Can Englishness be re-claimed from the populist right? In this extract from Breaking up Britain Mark Perryman suggests what the key features of a post-Union progressive English identity would be.
In disentangling our Englishness from a Britishness which has denied the Scots and Welsh their independence we have the opportunity to achieve a progressive national settlement for ourselves. George Monbiot describes both the process and the outcome. ‘ Three nations in the United Kingdom, as a result of one of this government's rare progressive policies, now possess a representative assembly. The fourth, and largest, England, does not. England, the great colonising nation, has become a colony.' A populist right defines the colonisation of England in terms of a Scottish raj, they detest an ungrateful nation on our northern border and want nothing to do with the continent except cheap holidays and bottles of plonk while proposing to erect barriers to keep out asylum-seekers and migrant workers.

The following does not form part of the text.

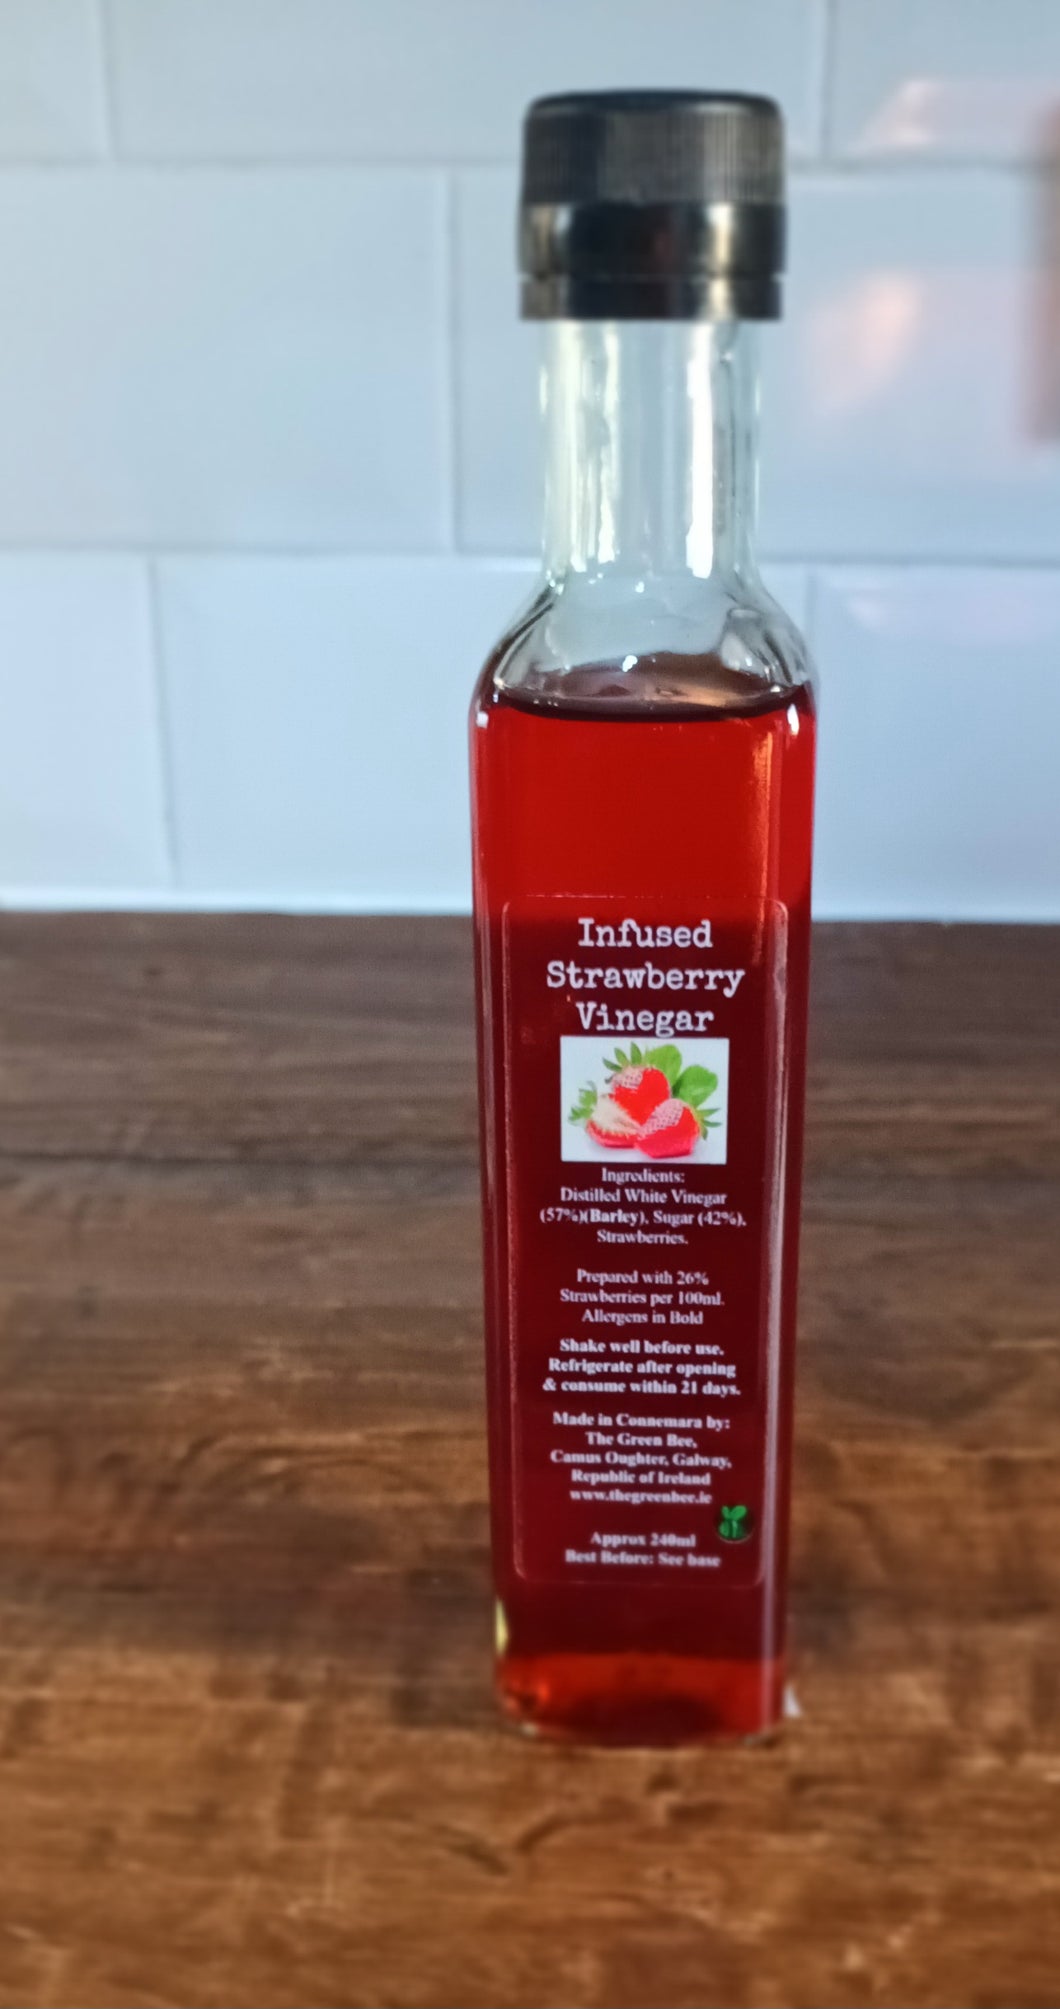 Infused strawberry vinegar

The political theorist Chantal Mouffe describes the context in which a response devoid of a progressively popular alternative is provided. ‘ So far the answer has been completely inadequate because it has mainly consisted in moral condemnation. Of course, such a reaction fits perfectly with the dominant post-political perspective and it had to be expected. Given that politics had supposedly become "non-adversarial" the frontier between us and them constitutive of politics can only be drawn in the moral register.' Chantal describes the likely consequences of such a failing, ‘ If a serious attempt is not made to address the democratic deficit that characterises the "post-political" age that neo-liberal hegemony has brought about, and to challenge the growing inequalities it has created, the diverse forms of resentment are bound to persist.